Monday, November 8, 2010

Diwali, Festival of Fire Crackers

Landing back in India the night before Diwali, I was greeted at the apartment with a marigold decorated entryway, complements of our cook. Diwali, the Indian festival of lights, is a holiday, based on the magnitude, that I've described to others as "Indian Christmas"; however, after what I experienced Friday night, it felt a little more like the Fourth of July.

Knowing that it's an important holiday to Hindus, Sikhs, and Jains, we weren't sure what would be open during the day, expecting very little to be based on our experience with other holidays here. Surprisingly, markets and shops remain open until the late afternoon or early evening so Lindsay was able to take our visiting friend Sarah to two of her favorite haunts, Dilli Haat and Khan Market.

Lindsay had called places to see if they were open for dinner, and surprisingly, a couple said they were. Of course, all the places that she had called apparently misunderstood her question and ended up being closed when we tried to go. Since, as we kind of expected initially, the country had basically closed down (much like Christmas Day in the states), we headed back to the apartment where there a number of people lighting off fire crackers at the playground (no kids were on the playground). The fire cracker people had basically taken over the huge lawn and a number of wallflowers, us included, surrounded the perimeter. In addition to the lawn by the playground, there were a number of people doing the same thing on the soccer field, which is located a few dozen yards away.

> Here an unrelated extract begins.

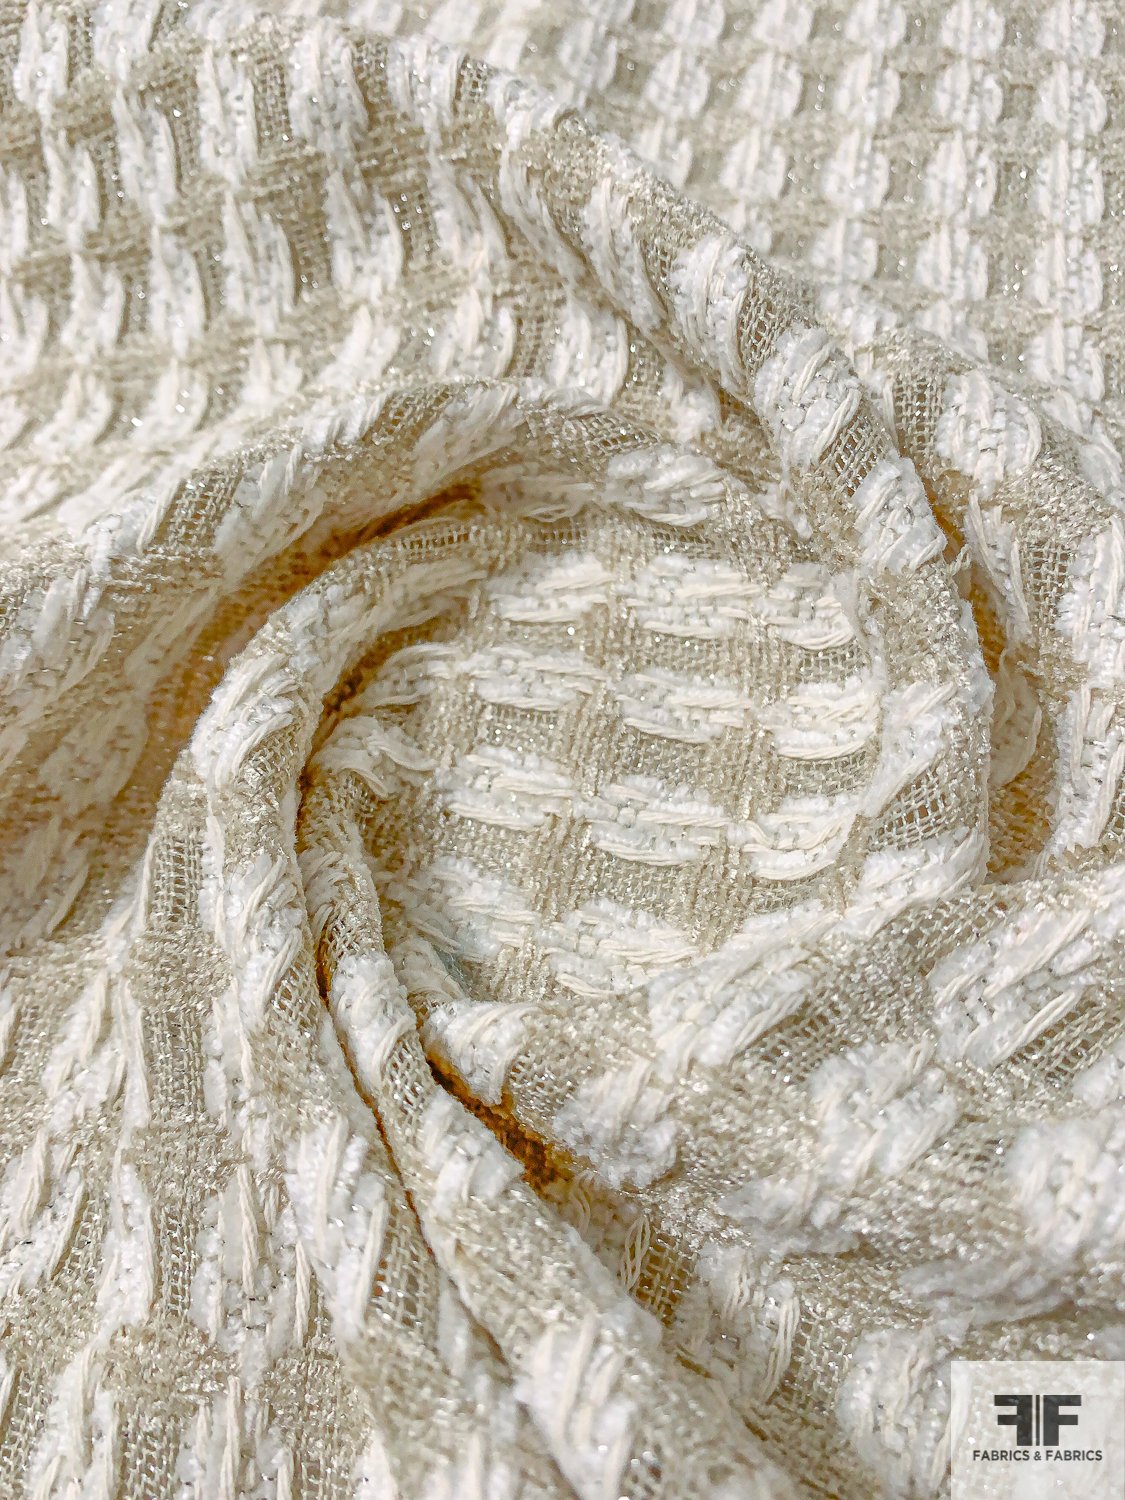 Italian Reversible Grid Striped Tweed Suiting with Lurex Fibers - Ivory / Ecru / Silver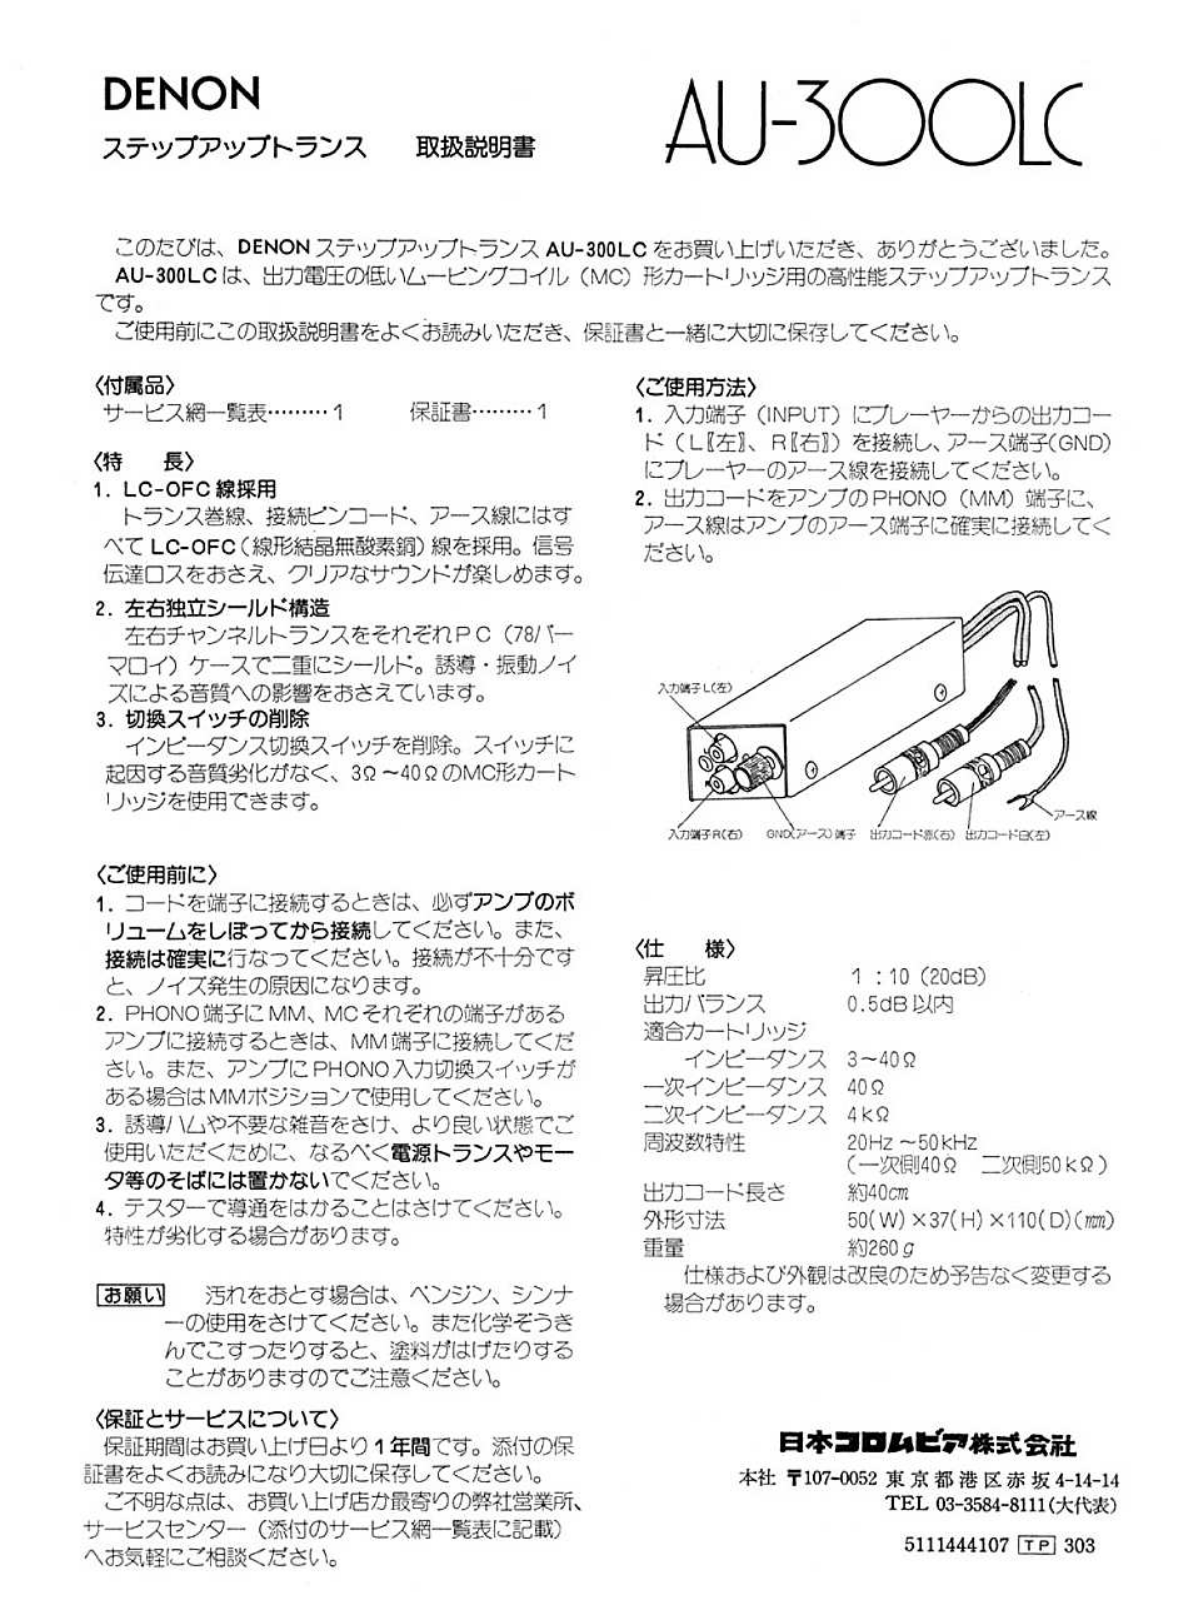 Denon AU-300LC Owner's Manual

It can't be confirmed or denied, but it's entirely possible there were some crackers fired in the general direction of the soccer field from the playground lawn and vice versa. No one intended harm; however, it was difficult to ascertain with the amount of carnage witnessed on those fields. We witnessed not fewer than six firecrackers hit the apartment buildings, including two or three that found their ways onto people's balconies before exploding. Thankfully, our apartment faces the other direction.
At least safety was somewhat of a concern
After a while the novelty wore off, at least for the visiting expats and we made our way back inside. That same novelty didn't wear off for a number of hours for the locals celebrating. As it was my first full day back in the country, my old enemy jet lag reared its ugly head. Waking up feeling fully rested at what I thought was 6:00am, the celebration was still going. I thought to myself, "Man, they're serious about these fire crackers." Somewhat confused, I checked my blackberry, learning the actual time was 1:30am. Maybe my body hadn't quite adjusted yet with my two hours of sleep but based on what I could hear from bed, Diwali was still going strong.